The late Speaker had
been hospitalized for quite some time, sitting in a wheelchair inside
the provincial hospital, and at one moment he was brought to a Cebu
hospital, where his right leg was amputated for diabetes
complications.
"After we (immediate
family members) gathered around and said our (goodbyes), my Tatay took
his last breath. He just went to sleep,” Lerias said.
He was survived by his
two children and their families – Southern Leyte Gov. Rosette Lerias,
her husband Victor and their three children; and US-based son Alfredo
Yńiguez and his three children.
His wife, Salvacion
Oppus Yńiguez, a former Southern Leyte governor and professor at the
University of Santo Tomas Conservatory of Music, died in September
2005. She was the daughter of the late Rep.
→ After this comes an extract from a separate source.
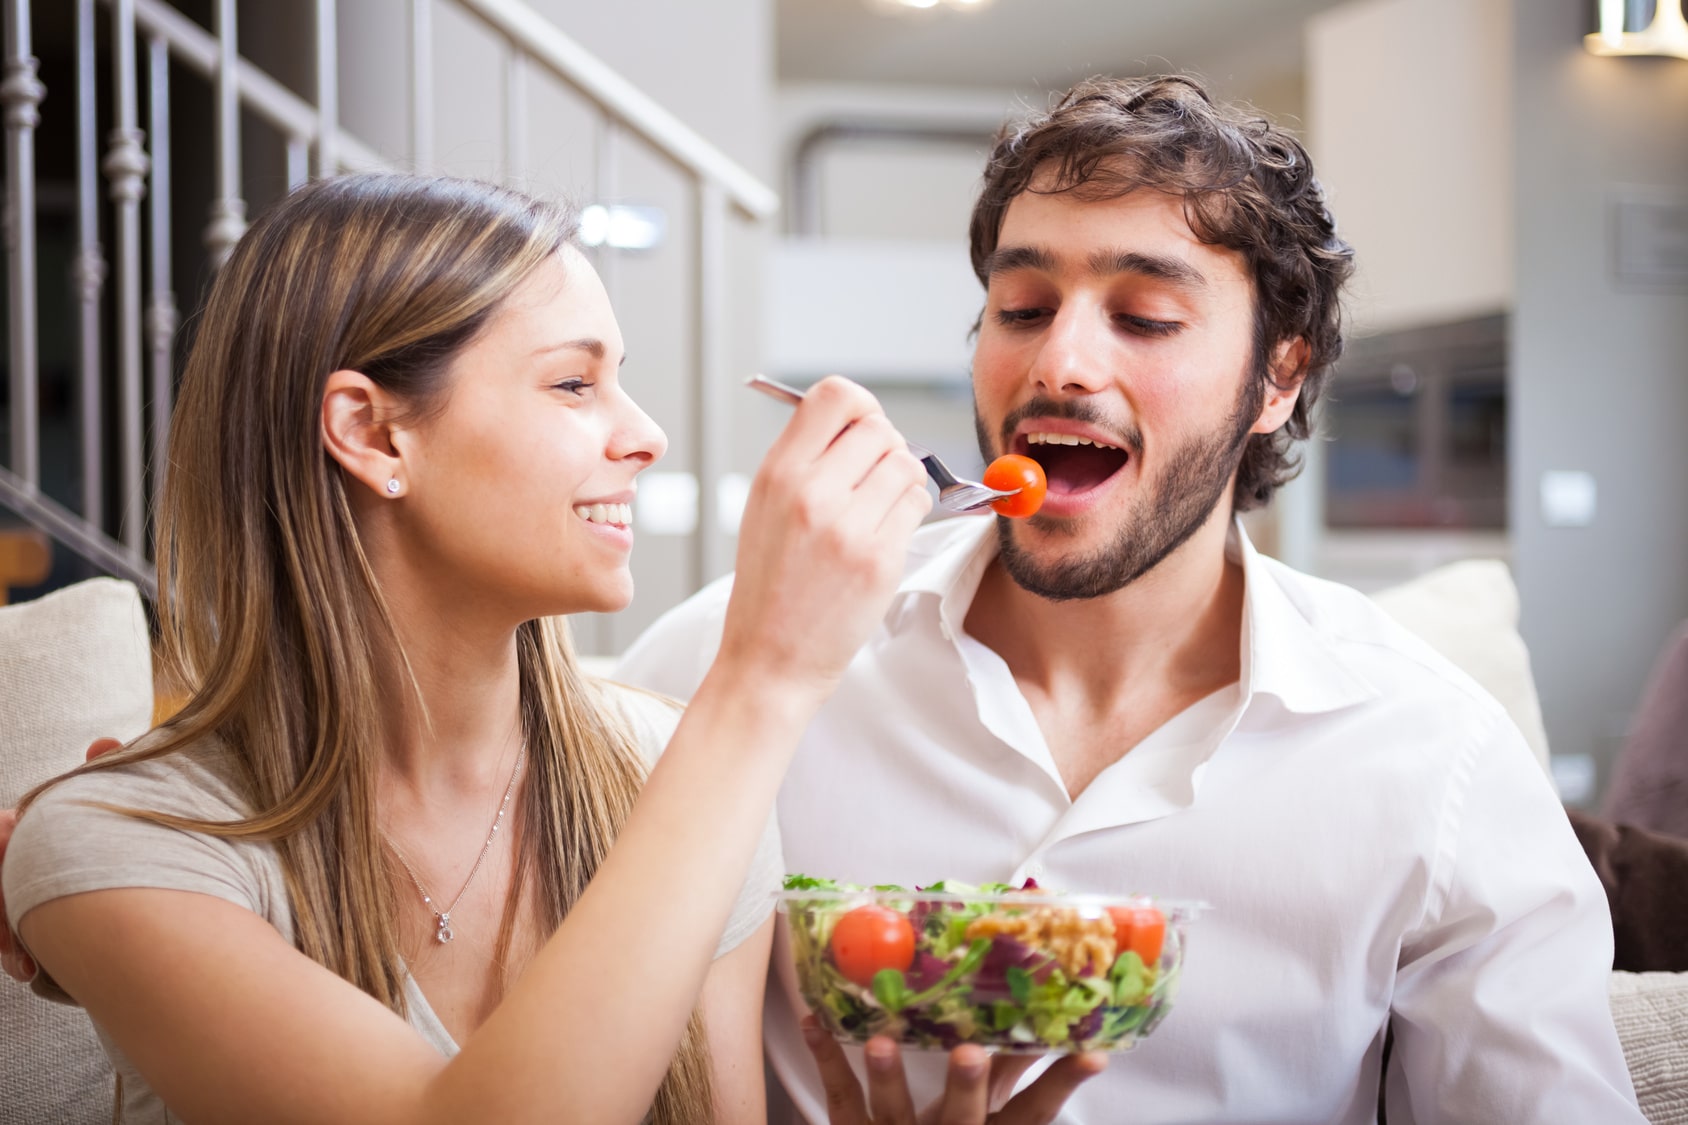 Couple eating a salad on a date

Tomas Oppus.
“No Canong,” as he was
called by his friends and supporters, carved a political career
spanning almost three decades, from 1957 to 1986, when President
Ferdinand Marcos, his classmate at the University of the Philippines
College of Law, Class 1939, was ousted by the EDSA I revolt.
Twenty three years
ago, Yńiguez was widely touted as a probable material for the
presidency, being the number two man at that time, had it not been for
the EDSA 1 uprising.
Yńiguez was the
acknowledged father of Southern Leyete, having successfully pushed
through a bill creating the province in 1957, which became Republic
Act No. 2227, signed by then President Carlos Garcia on May 22, 1959.
Southern Leyte was
inaugurated as a province on July 1, 1960, covering 16 towns, with
Maasin as the capital and seat of the provincial government.
Over the years the
number of towns rose to 18, while Maasin, the capital, became a
component city in 2000.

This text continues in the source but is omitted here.